Rep. Paul D. Ryan, Wisconsin Republican, last week punctured the Democrats’ ‘party of no’ label for Republicans when he reoffered his plan for entitlement reform with Mr. Obama during the president’s appearance at the House GOP retreat in Baltimore. While the White House’s budget shaves the annual deficit, it relies heavily on the yet-to-be created fiscal panel to solve the tougher questions; Mr. Ryan’s is currently the only legislation with a specific fix for the long-term fiscal crisis. But that hasn’t stopped critics like Mr. Obama from dismissing it as unworkable.

Mr. Ryan’s plan would preserve Social Security and Medicare for those 55 and older, but revamp the system for future retirees. Democrats, pivoting from ‘party of no,’ have now taken to blasting him for threatening precious entitlements for seniors - at the same time Mr. Obama is decrying Republican scare tactics aimed at seniors over the health care proposals.

Robert Bixby, executive director of the Concord Coalition, a nonpartisan deficit watchdog, said Mr. Ryan deserves praise for putting forward a specific proposal to start the conversation. He said to solve the long-term deficit problem, though, both parties will have to become invested in the process.
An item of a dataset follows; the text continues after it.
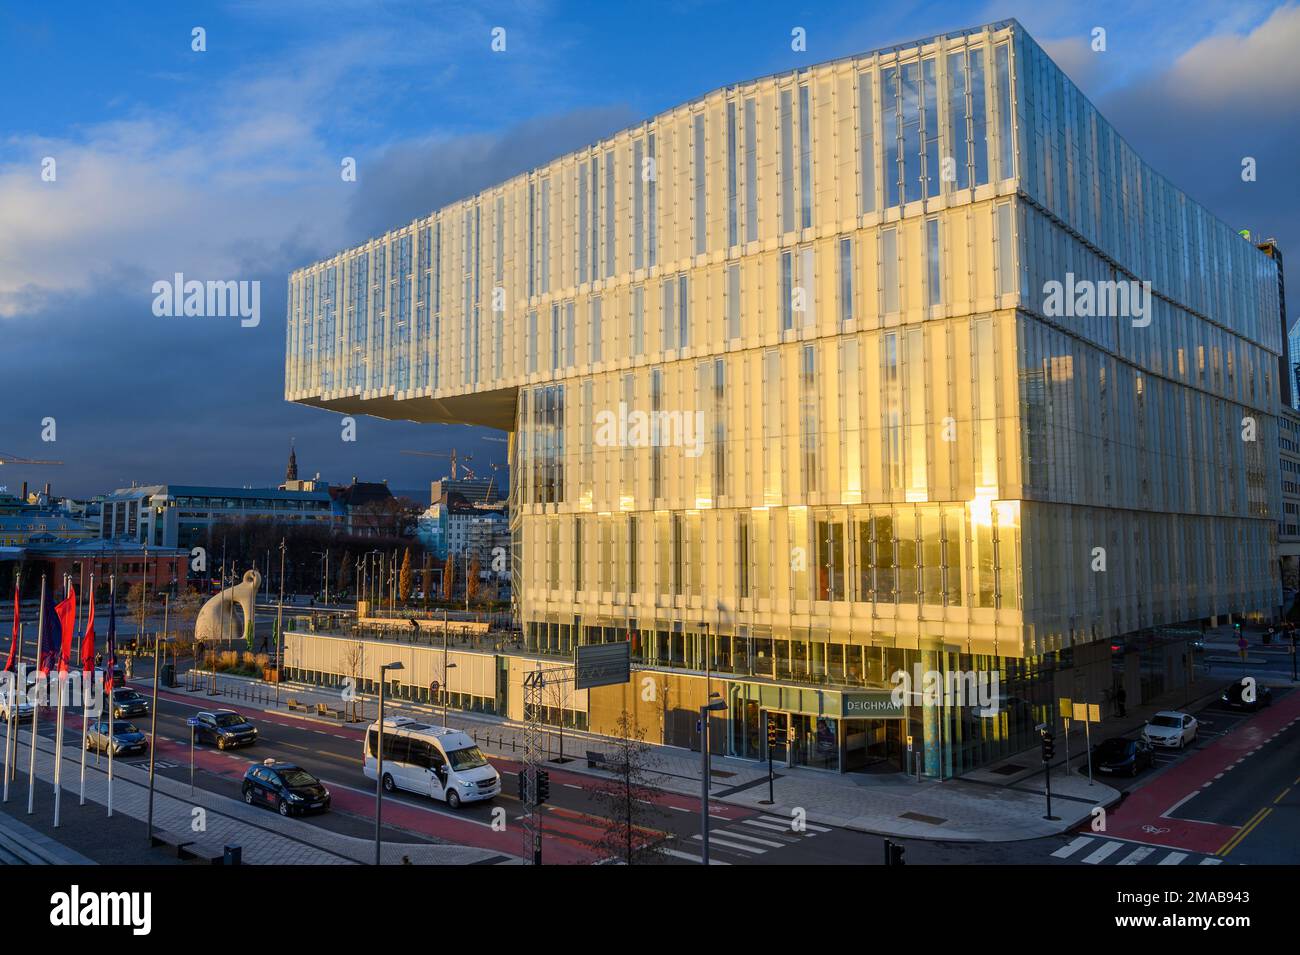 The exterior of Deichman Bjørvika, the municipal public library in Oslo city centre, Norway. Stock Photo

“If you don’t have both political parties participating in the solution, the non-participating party has no stake in making the hard choices stick,” he said. “As soon as the other party gets the votes, they might undo it.”

For Democrats, last month’s loss of the U.S. Senate seat from Massachusetts held for decades by Sen. Edward M. Kennedy explains why Democrats and Mr. Obama are focusing intently on forcing Republicans to the table.

“The filibuster-proof majority in the Senate is going to be gone in a couple of days, and he’s going to need to reach across the aisle,” said Sean Gibbons, a spokesman for progressive policy think tank Third Way.

Mr. Gibbons said that given the mood of the country, there’s another reason to reach for bipartisan agreements right now: “You need to have bipartisan support, because otherwise, there’s a belief that somehow the end goals are not good policy outcomes for the American people, but good political outcomes.”